Friday, February 13, 2015

Embracing Singleness

It's the before Valentine's... I was scrolling my facebook newsfeed tonight and I stumbled upon an article that was titled 50 Things A 20-Something Single Girl Really Wants for Valentine's Day. And I read through this list my heart actually broke. So many of the things revolved around a broken desire for love. We were made for love, and by Love and we are held into existence by the love of the Lord. He desires to know us. He desires to lavish his love on us.

I've also been doing some thinking on the beauty and the blessedness of these last 5 years that I have been single. The Lord has blessed me so much. Being single is a beautiful time to grow in our relationship with our sisters, our brothers and our Lord. It's a time to learn how to love other men as brothers in Christ - because in reality, most of the men we know will not be our husband... we only get one husband.

Now I'm not saying this has been an easy 5 years of singleness. I have always dreamed of being married. It's all I've ever wanted for my life. I would have been one of those people who would have been content getting married right out of high school. Granted, I'm glad I didn't. I wouldn't trade the life I have now for the world. Regardless, there have been ups and downs of the last 5 years - whether it was just really feeling lonely and wanting a relationship or thinking a guy might like me or really liking a particular guy and wanting them to pursue me. Sometimes it was easy to be jealous of sisters who were in relationships (again, not a constant thing, but there were moments where it was really hard because that's what I really wanted and I didn't have it).

Anywho  - I wanted to write a little something about the ways we can embrace our singleness in our lives, and this doesn't just go for Valentine's day... this is something to do in life in general.


  1. Seek the Lord. Seek to know him, to love him, to serve him, to live for him. Our relationship with the Lord is the only relationship that isn't passing. He will always be there. He made us. He knows the number of hairs on our head . He wants to lavish his love on us.
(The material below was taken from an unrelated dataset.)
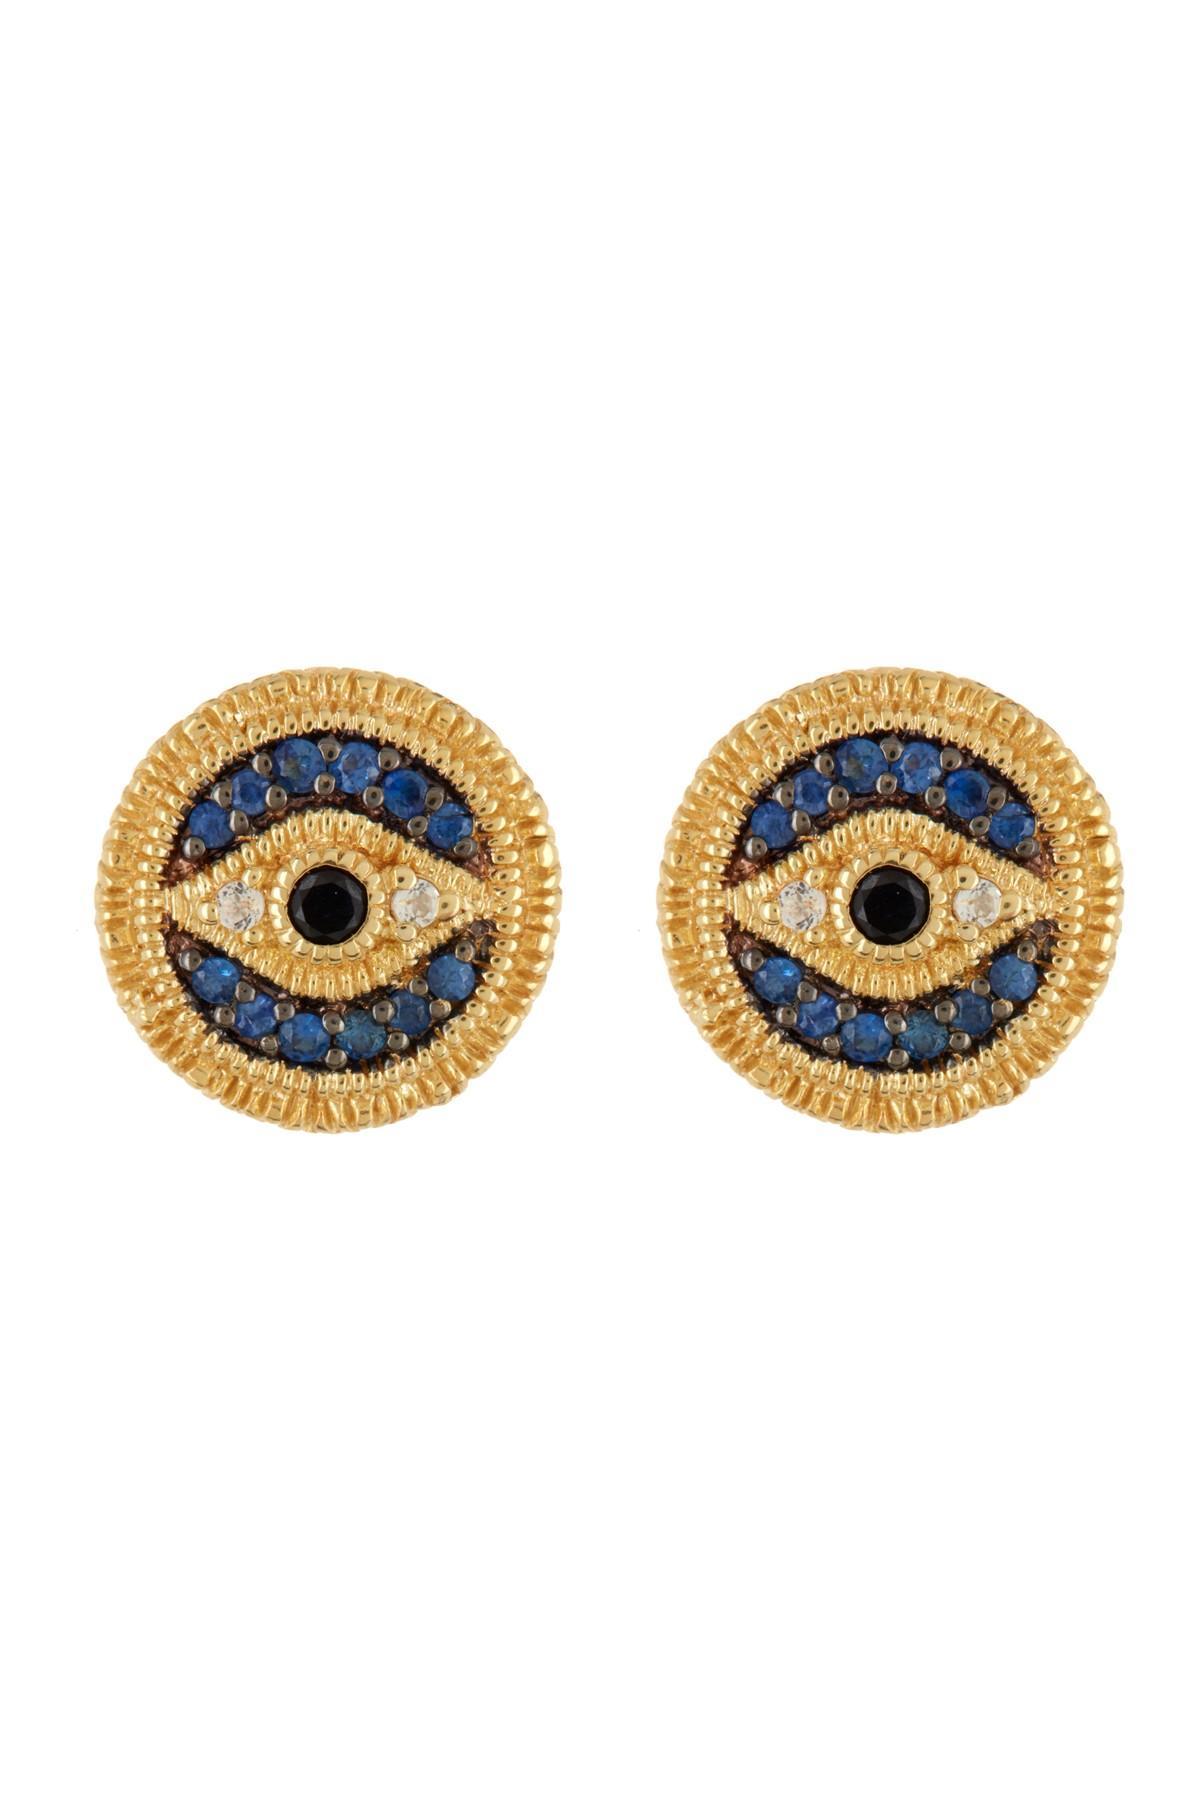 d568f7b0d Lyst - Judith Ripka Gold Vermeil Evil Eye Stud Earrings

When we're single we have a unique opportunity to grow and strengthen our relationship with the Lord. What a gift. And this is so important because the people we are dedicated to care for our lesser than when we're living married life, especially once kids come along. 
  2. Build relationships with your sisters (or brothers if you're a guy). Women understand each other in a way that only women can (same goes for men). Women need other women to learn how to be women (men need other men to learn to be men). When we're single we have a unique opportunity in our lives to be in relation with our sisters. Make valentine's for your sisters this year - write them notes of encouragement, love on them a little. These relationships are going to carry through the rest of your life in some way. God has placed these women in your life at this time for a specific reason and purpose - embrace that. 
  3. Learn your strengths and your weaknesses. We're all broken. We're all flawed. We all have pet peeves. We all have our own quirks that probably drive other people nuts. But we can build good habits in ourselves, and break bad habits. Maybe you bite your nails - you can work on breaking that habit. Maybe you have a lot of anxiety and don't handle it well - this is a good time to go to a counselor, to seek guidance, to learn better coping mechanisms. Build a habit of daily prayer. Build healthy eating habits. Establish a workout routine. 
  4. Spend time with you. I don't know about you, but so often I get so caught loving on other people and caring for them that I forget to take care of myself and spend time with myself. Take a longer shower this weekend, shave your legs for you. Do your nails. Clean your house. Have a coffee date with yourself. Go on a long run. Go on a hike. Do what makes your heart happy. Do what you need to do to feel restored. If we don't care for ourselves we aren't able to care for others. 
  5. Spend time with your family. Our parents raised us. They love us more than we can imagine - even when we feel like they don't love us. They have a lot of wisdom to offer us, and they want to offer it. Let them. Let them love you. Make time for them too. 
I'd say that over the last 5 years, and even more so in this last year I have learned more about who I am and whose I am and what I want than I possibly could have imagined. The Lord is good. He provides for us. He has a perfect plan for our lives. Seek him out, seek community around you out. Seek to know, love and serve the Lord all the days of your life - that in all you do you may bring glory to the Lord. Embrace the single years - we spend most of our lives married -  this is a time to be cherished.